In 2009 and 2010, lawmakers passed "gag order" laws, forbidding doctors and adoption agencies from questioning patients or prospective parents about their gun ownership. Doctors are fighting the NRA-backed law in court.
Even those who don't live in the state are benefiting from Florida's gun rights expansions. Florida is one of only two states that allow nonresidents to obtain mail-order gun licenses.
In general, attempts to crack down on gun ownership have foundered in the Republican-controlled Legislature, although lawmakers have increased penalties for gun-toting criminals.
Penalties have also increased for anyone who offends the rights of gun owners. Several gun rights bills are laced with punitive language and strict penalties. Under the so-called docs-vs.-Glocks gag order law, doctors who ask their patients if they own a gun could lose their license to practice medicine.
County commissioners that try to regulate gun use could be personally fined $5,000 or removed from office by the governor.
Municipalities that keep records of gun owners can be fined up to $5 million. Florida statutes require state attorneys to take up the case of offended gun owners, and to "vigorously prosecute violators," invoking language normally reserved for child sex offenders and violent criminals.
Potential penalties for crossing gun owners also came into play in the Trayvon Martin case, where police opted not to arrest Zimmerman. A police department can be sued if it arrests someone who is later found to be innocent under the stand your ground law.

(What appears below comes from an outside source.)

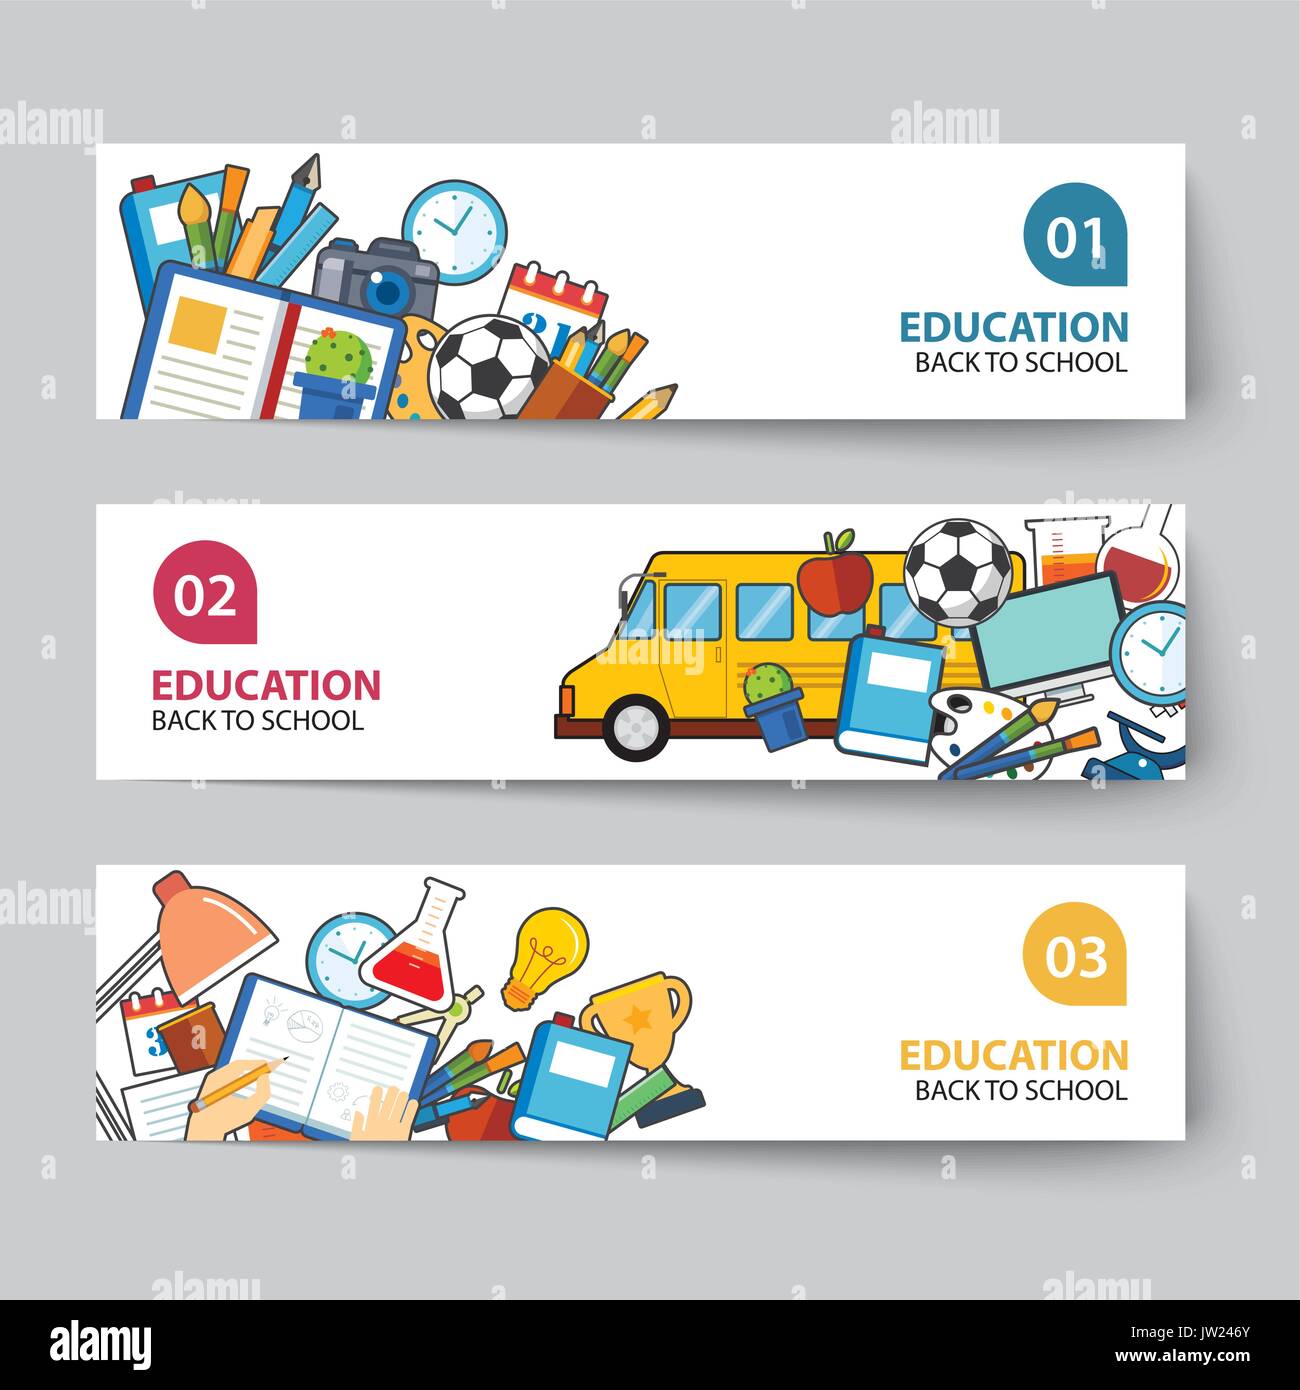 education and back to school banner concept flat design Stock Vector
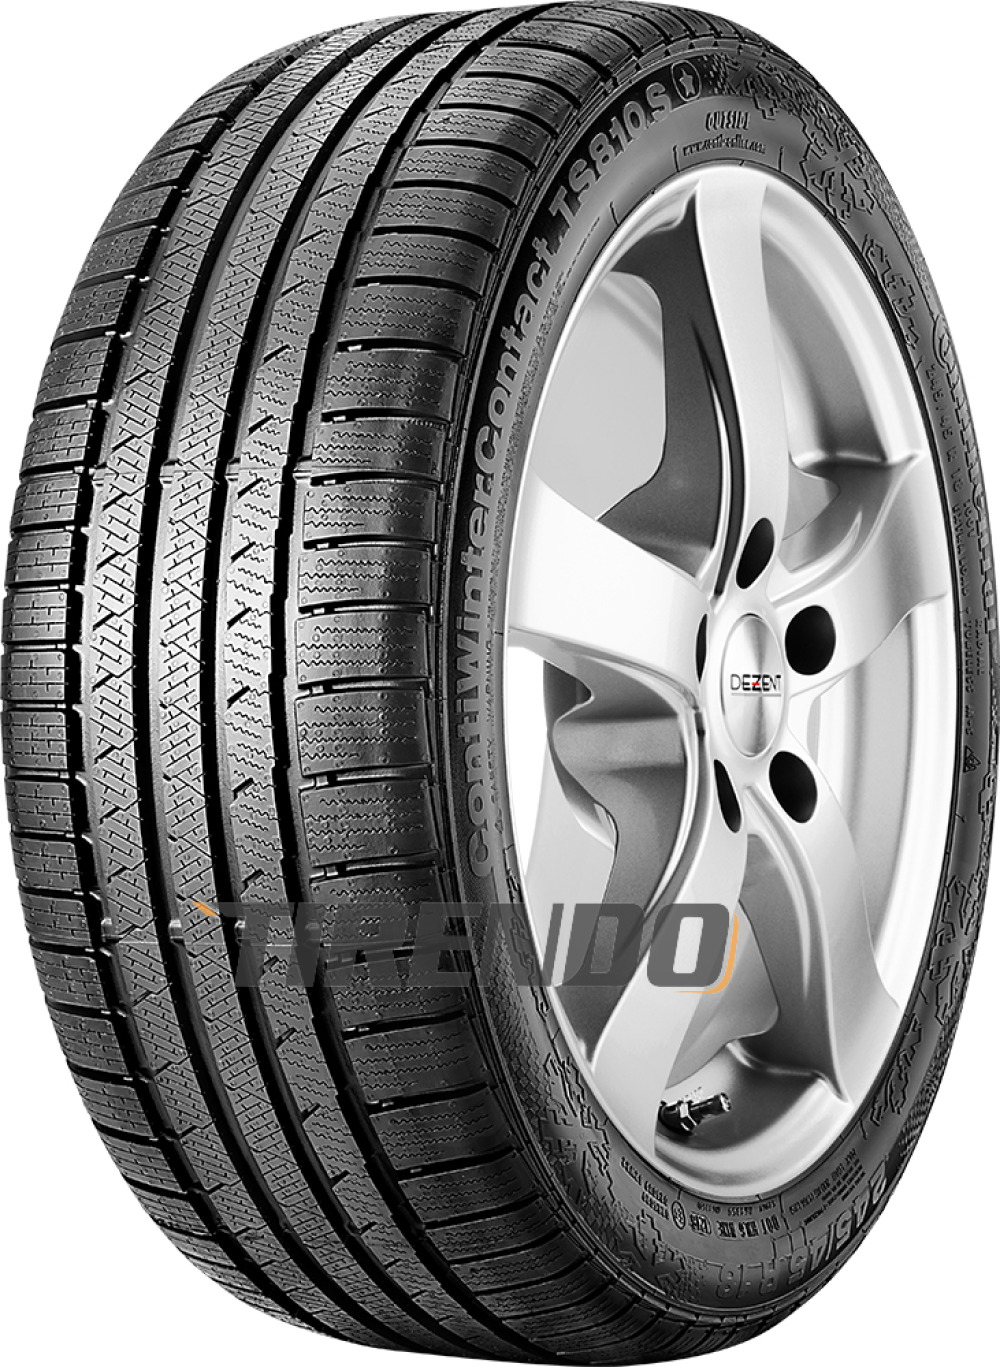 Image of Continental ContiWinterContact TS 810 S ( 235/50 R17 100V XL, N2 )

Sanford City Manager Norton Bonaparte Jr. said in a statement that Florida statutes prohibited police from making a lawful arrest on the night Martin was killed. Bonaparte pointed to the stand your ground law, mentioning that the city could have been "held liable" if Zimmerman was later found innocent.
In a 2005 floor debate in the Florida House, Gelber predicted the stand your ground law would tie the hands of police officers and prevent them from making arrests. The bill passed on a bipartisan 94-20 vote.
"This was a policy whose unintended consequences were very predictable," Gelber said. "Now, we're stuck with the eyes of the world on us for a bad reason."